Старик схитрил и вместо своей хаты привел нашу машину к колхозному патрулю. Нас вежливо попросили выйти, привели в правление колхоза и проверили при свече документы.

– Не взыщите, – сказал, улыбаясь, председатель колхоза – маленький молчаливый человек по фамилии Халупняк. – Мы всех проверяем. У нас день и ночь конные объезжают дороги, у нас каждый колхозник обязан быть бдительным. Ну, раз вы свои, то устраивайтесь, а мы вас покормим.

Был уже час ночи, но вокруг хаты, где мы остановились, началось оживление. Старая колхозница принесла кувшин молока, босой мальчик – краюху свежего белого хлеба и миску меда, а сам Халупняк разложил на столе брынзу, украинскую колбасу и вытащил из кармана пачку махорки.

Колхоз "Маяк", куда мы попали, самый обыкновенный колхоз области. Он не миллионер, но надеется после войны стать миллионером. У него две тысячи гектаров пшеницы и подсолнуха, сады, виноградники, породистый молочный скот, каракулевые овцы, около триста лошадей и множество птиц – уток, гусей, кур, индюшек.

Но сейчас колхоз живет напряженной военной жизнью. Он похож на вооруженный лагерь. "Все для армии" – так сказал нам Халупняк и так думает каждый колхозник. Сущность подлинной народной войны заметна здесь с особенной силой. Армия и народ неотделимы, неразрывны, – это по существу одно и то же.

Мужчины ушли на фронт. Женщины спешно убирают хлеб.

Работают все – от древних стариков до белобрысых мальчишек. Мальчишки – "хлопчики" – сменили взрослых и потому ведут себя, как взрослые: строго, с достоинством, без лишних разговоров. Все они – ездовые на уборке богатого урожая и, кроме того, разведчики. От их зорких глаз не скроется ни один подозрительный человек. Они знают каждый ров, где может спрятаться враг, и находят диверсантов быстро и безошибочно.

На следующее утро при нас две молодые колхозницы заметили в полях странного человека. Он был в комбинезоне, без шапки, весь в пыли и соломе. Увидев колхозниц, он лег. Они же нарочно остановили телегу и начали пить из крынки холодную воду. Человек в комбинезоне не выдержал. Он вышел из пшеницы и знаками попросил пить. Глаза у него были мутные, он шатался и только мычал. Женщины схватили его, связали вожжами, он сопротивлялся, но очень слабо. Человек этот оказался немецким летчиком. Его самолет был сбит нашим истребителем.
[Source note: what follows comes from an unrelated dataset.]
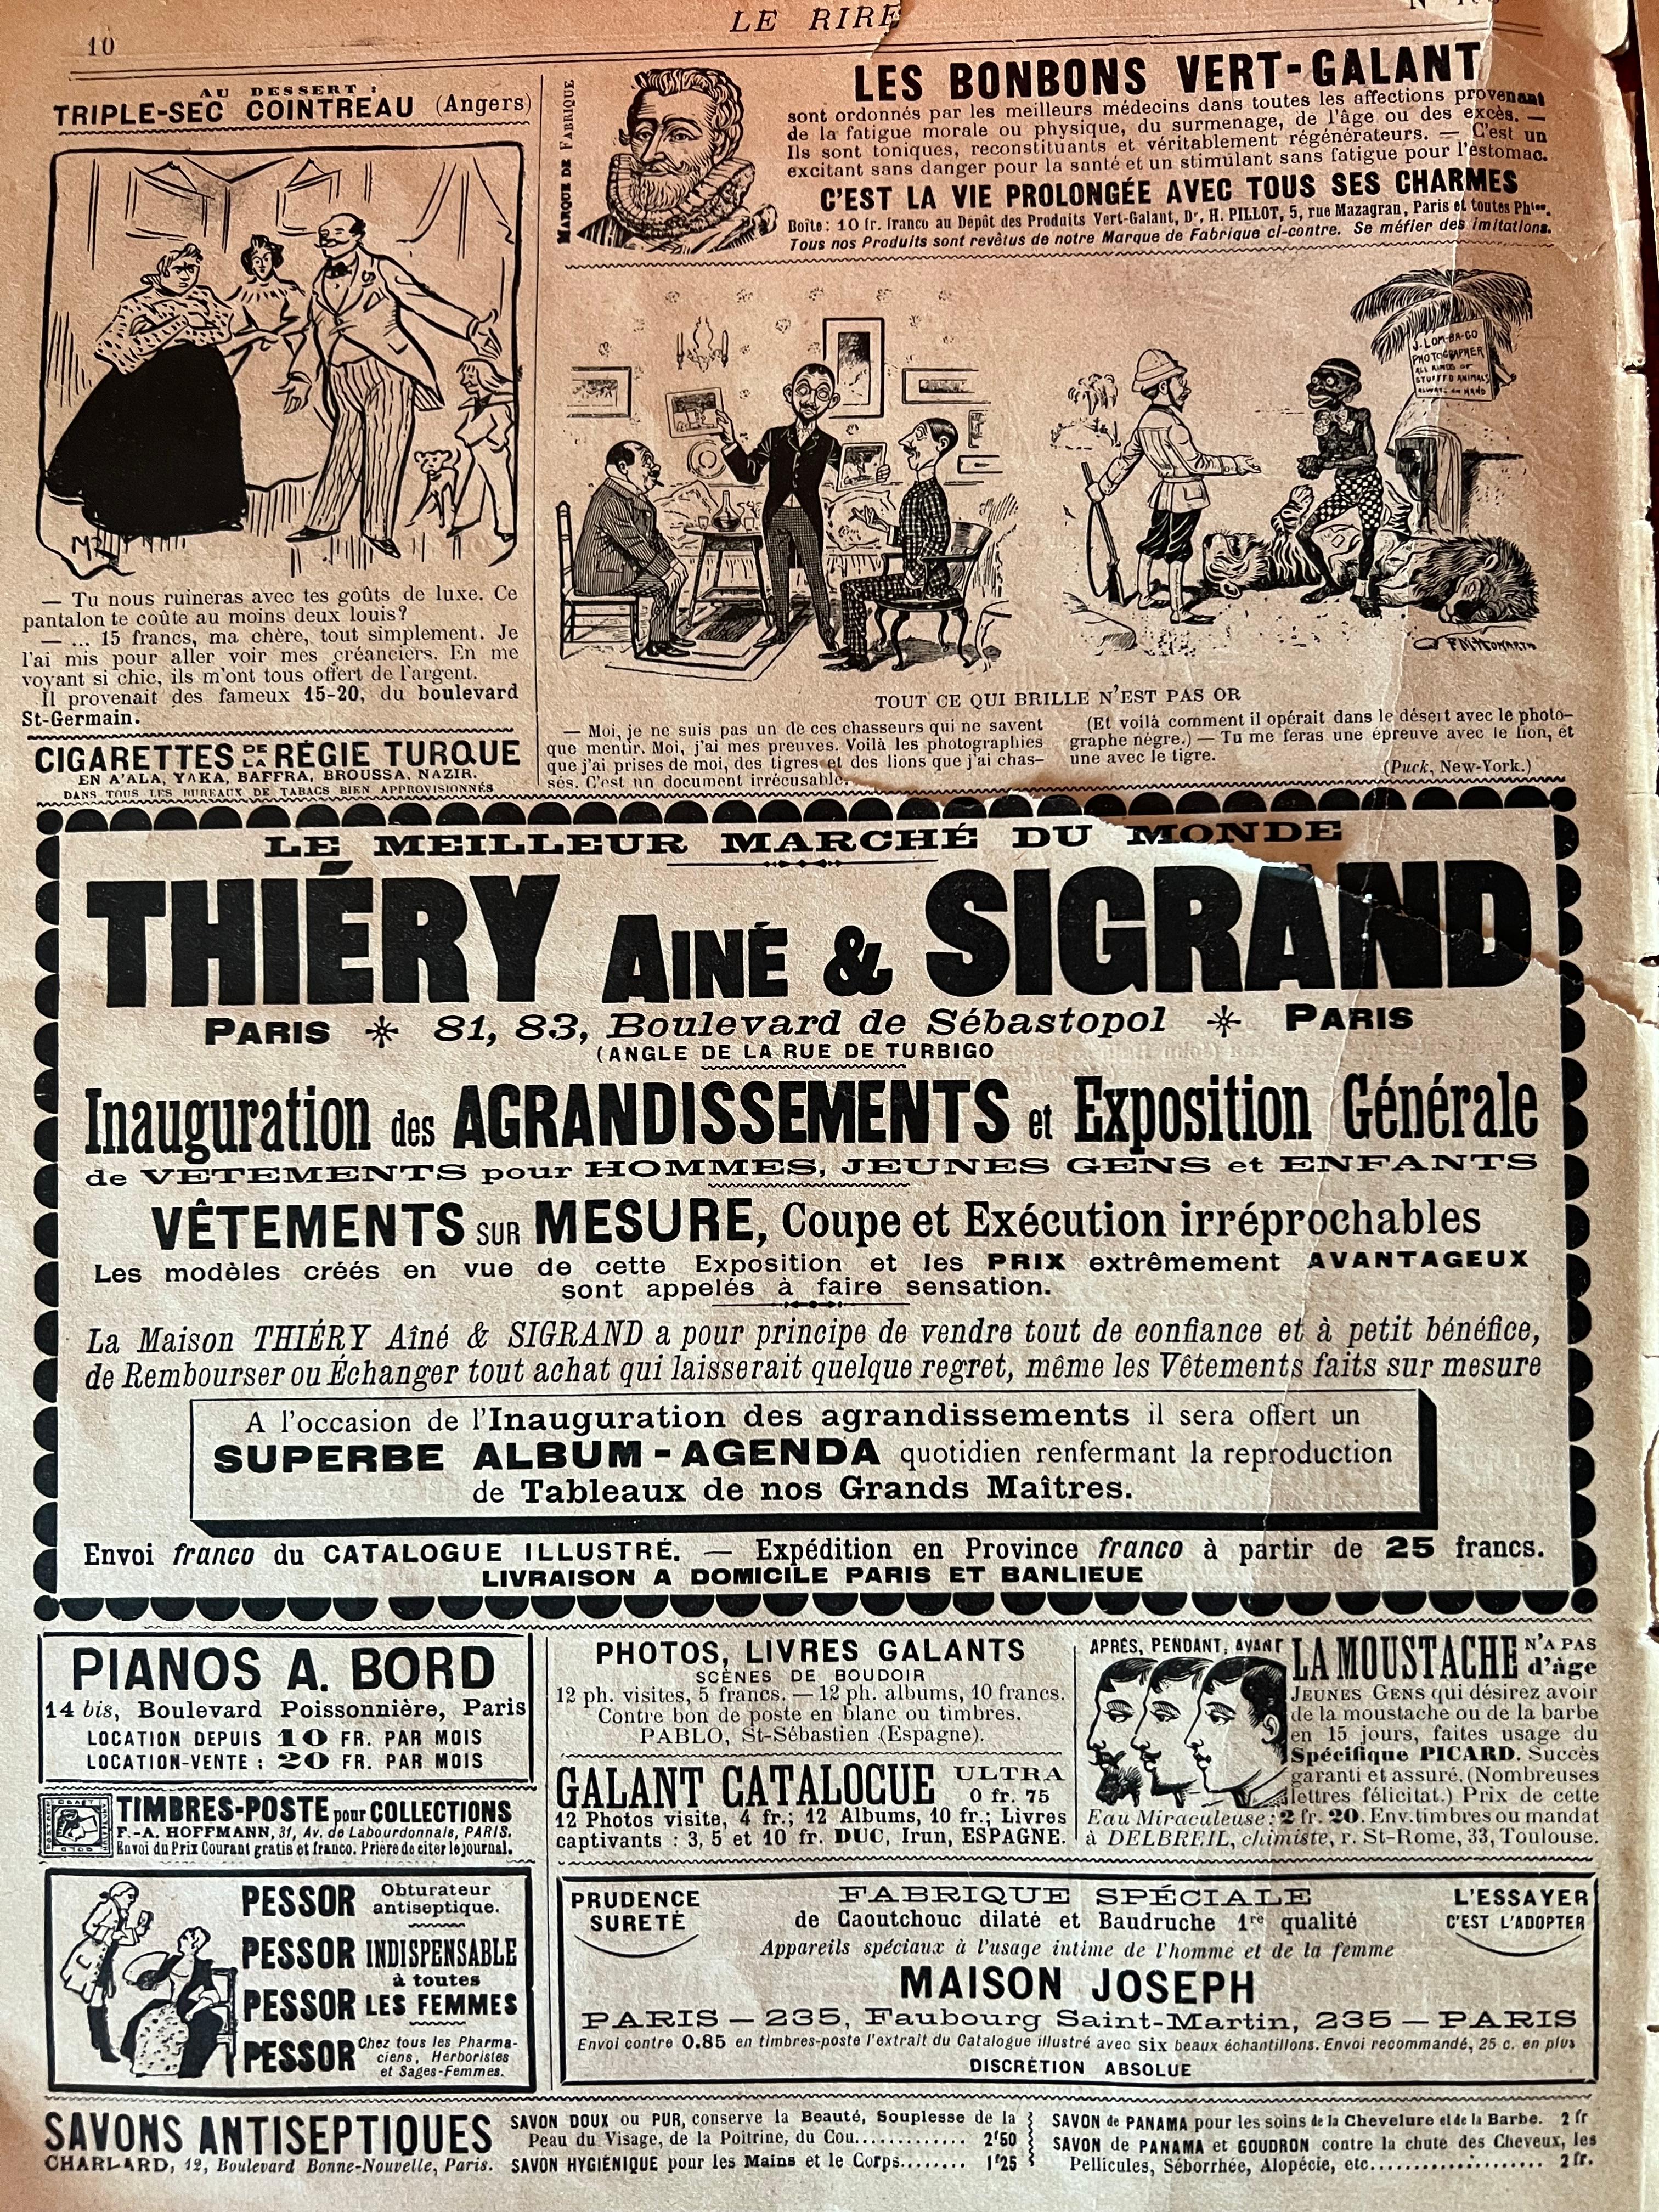 Couvertures de magazines originales « Le Rire » de la fin du XIXe siècle dans des cadres dorés, lot de 2 en vente 9

Немец спустился на парашюте и два дня прятался в пшенице, пока не наткнулся на наших колхозниц.

– А вы не опасались, бабочки? – спросил наш водитель колхозниц. – Немец ведь был вооруженный!

– Мы думали, что он будет стрелять, – ответила нараспев одна из колхозниц. – Так и думали. А он не успел.

На уборку хлеба были брошены все. Уборка была трудная: зной, сухость, воровские налеты немецких истребителей, пытавшихся расстреливать колхозников пулеметным огнем. Но хлеб в "Маяке" был убран вовремя и вовремя обмолочен.

На следующий день, когда мы уезжали из колхоза, тот же старик, который нас задержал, сел в машину, чтобы показать нам дорогу до большого шляха.

– Война! – сказал старик задумчиво. – Мне много годов. Я еще в ту войну ранение получил. И я всем бойцам проходящим говорю: "Не отдавайте, сынки, тому немцу ни одного колоса пшеницы, ни кружки воды из наших колодцев, ни одной соломинки из нашего стога. Наше дело, как я понимаю, светлое, трудовое, и верх будет наш!"